§ 1042 Certificate of merit

12 V.S.A. § 1042 (N/A)
Copy with citation
Copy as parenthetical citation

§ 1042. Certificate of merit

(a) No civil action shall be filed to recover damages resulting from personal injury or wrongful death occurring on or after February 1, 2013, in which it is alleged that such injury or death resulted from the negligence of a health care provider, unless the attorney or party filing the action files a certificate of merit simultaneously with the filing of the complaint. In the certificate of merit, the attorney or plaintiff shall certify that he or she has consulted with a health care provider qualified pursuant to the requirements of Rule 702 of the Vermont Rules of Evidence and any other applicable standard, and that, based on the information reasonably available at the time the opinion is rendered, the health care provider has:

(1) described the applicable standard of care;

(2) indicated that based on reasonably available evidence there is a reasonable likelihood that the plaintiff will be able to show that the defendant failed to meet that standard of care; and

(3) indicated that there is a reasonable likelihood that the plaintiff will be able to show that the defendant's failure to meet the standard of care caused the plaintiff's injury.

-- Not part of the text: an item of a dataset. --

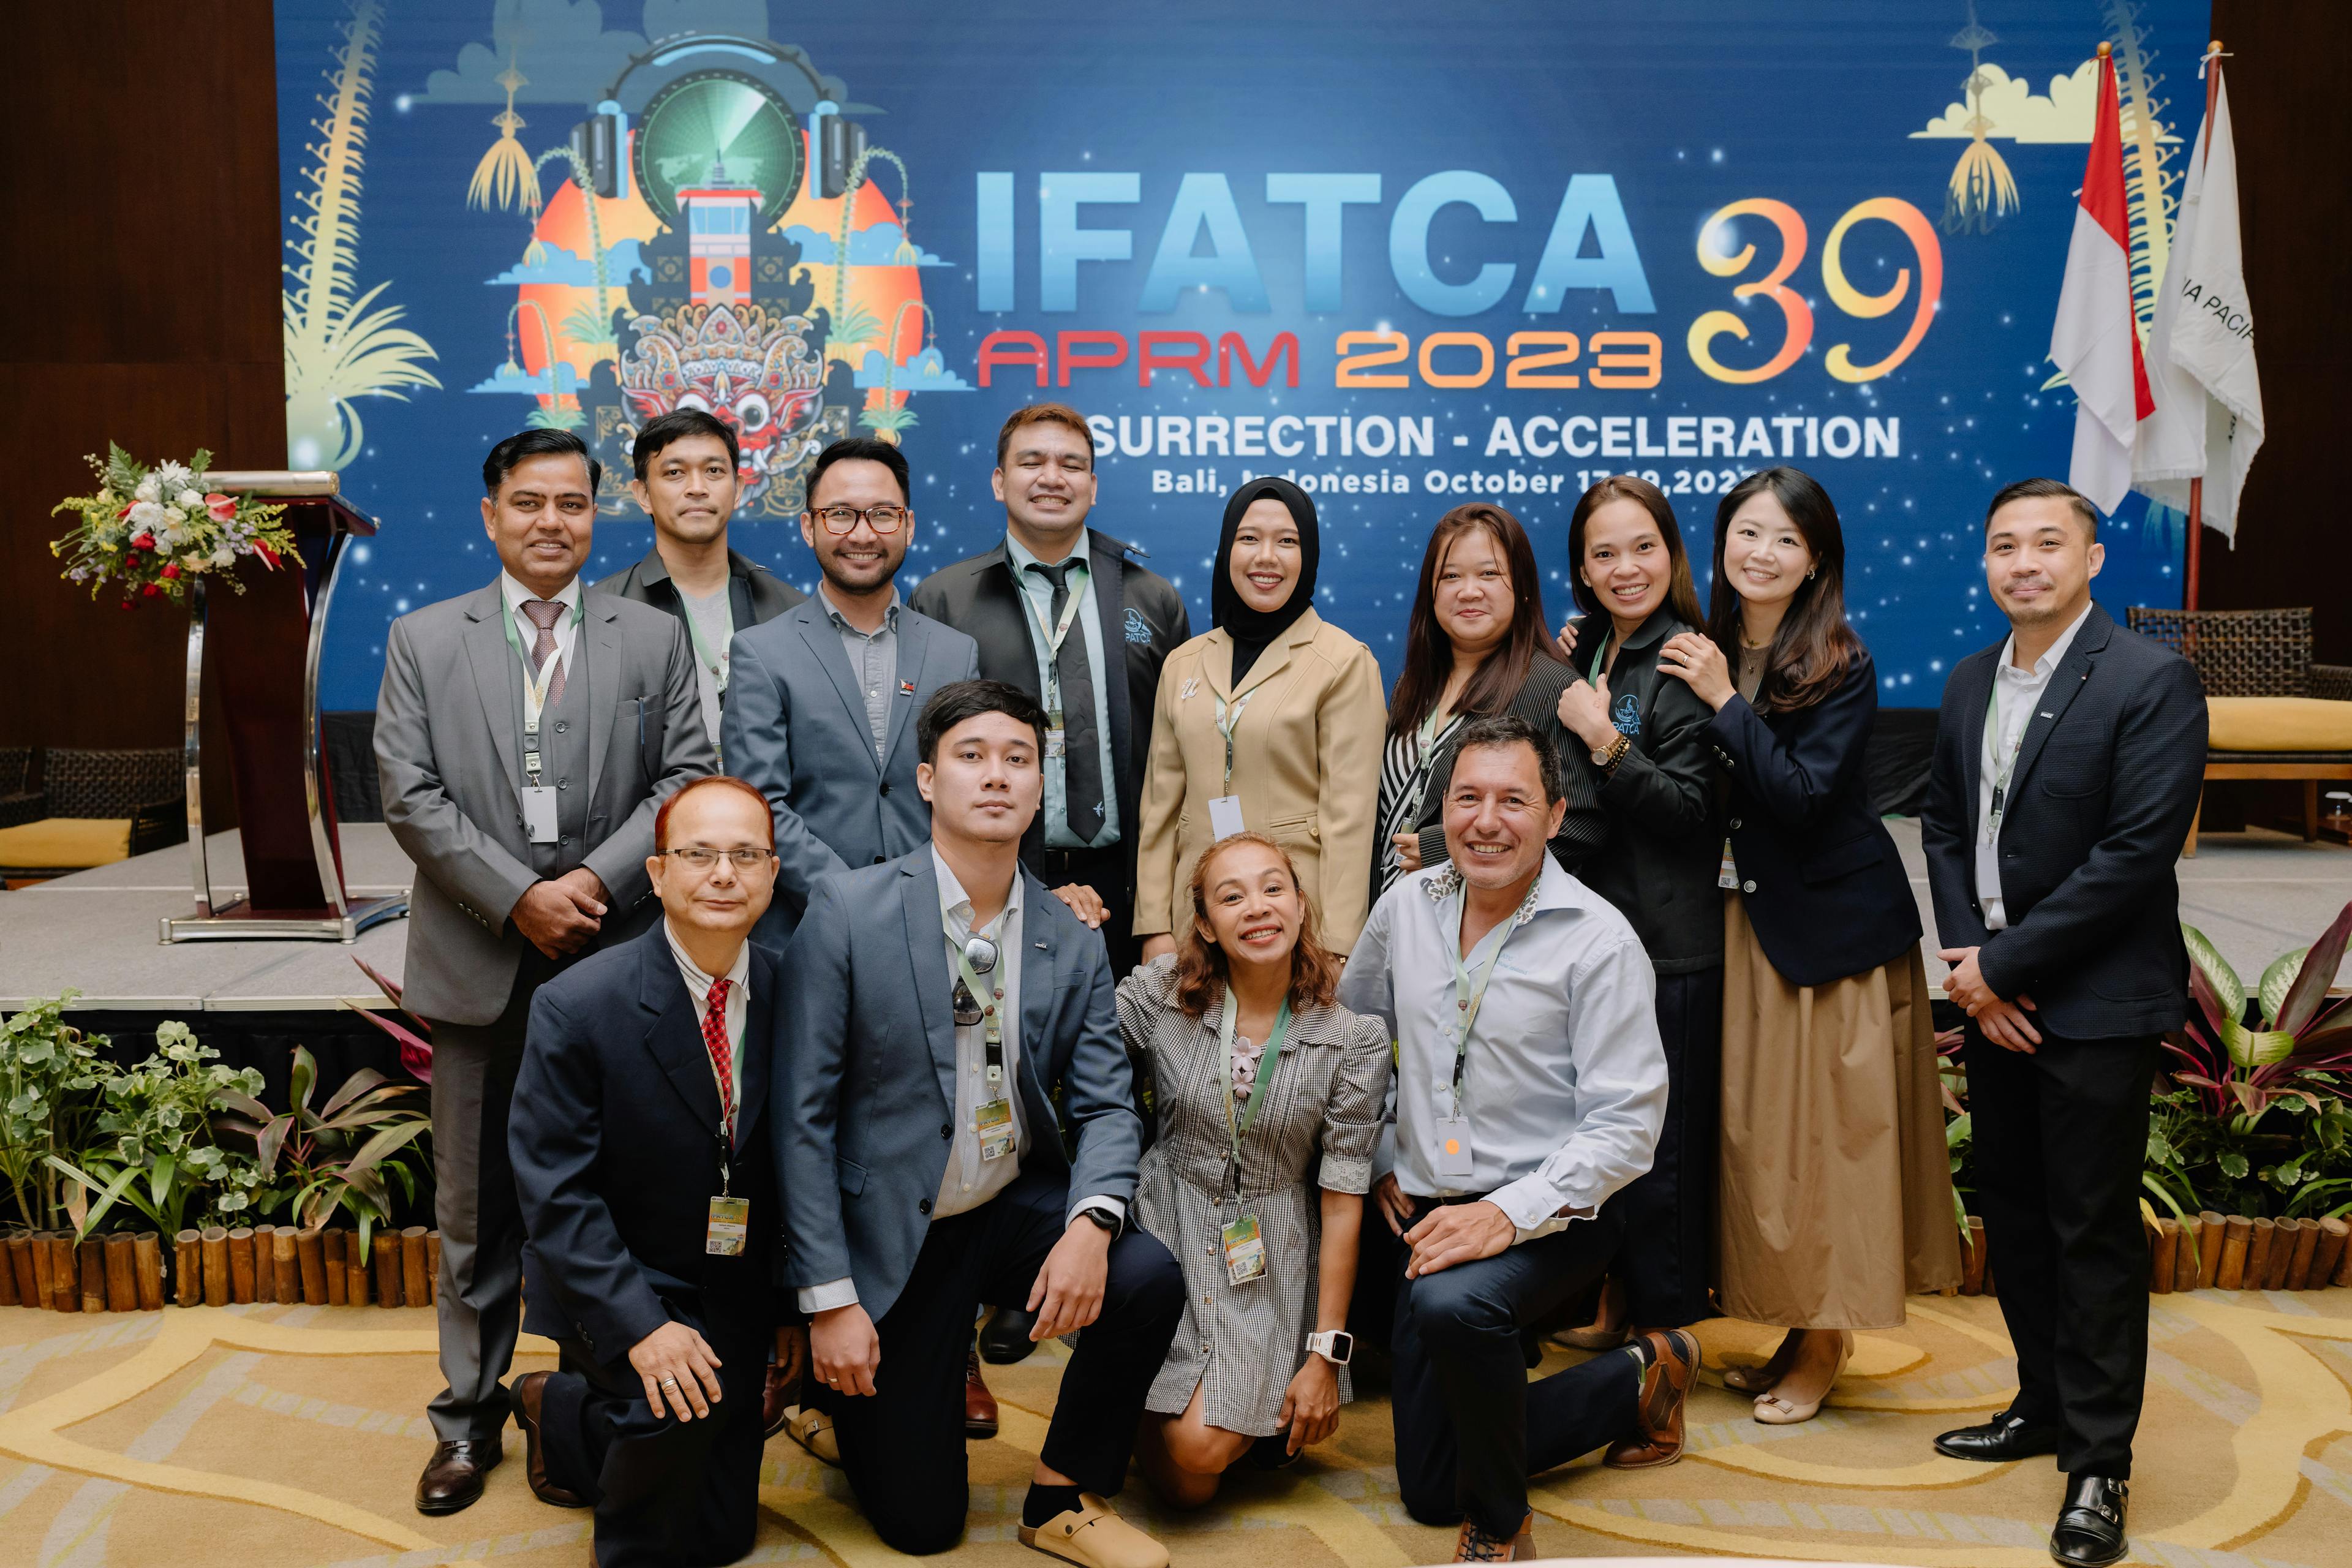 PATCA Delegates at Bali, Indonesia

(b) A plaintiff may satisfy this requirement through multiple consultations that collectively meet the requirements of subsection (a) of this section.

(c) A plaintiff must certify to having consulted with a health care provider as set forth in subsection (a) of this section with respect to each defendant identified in the complaint.

(d) Upon petition to the clerk of the court where the civil action will be filed, an automatic 90-day extension of the statute of limitations shall be granted to allow the reasonable inquiry required by this section.

(e) The failure to file the certificate of merit as required by this section shall be grounds for dismissal of the action without prejudice, except in the rare instances in which a court determines that expert testimony is not required to establish a case for medical malpractice.

(f) The requirements set forth in this section shall not apply to claims where the sole allegation against the health care provider is failure to obtain informed consent. (Added 2011, No. 171 (Adj. Sess.), § 24a, eff. Feb. 1, 2013.)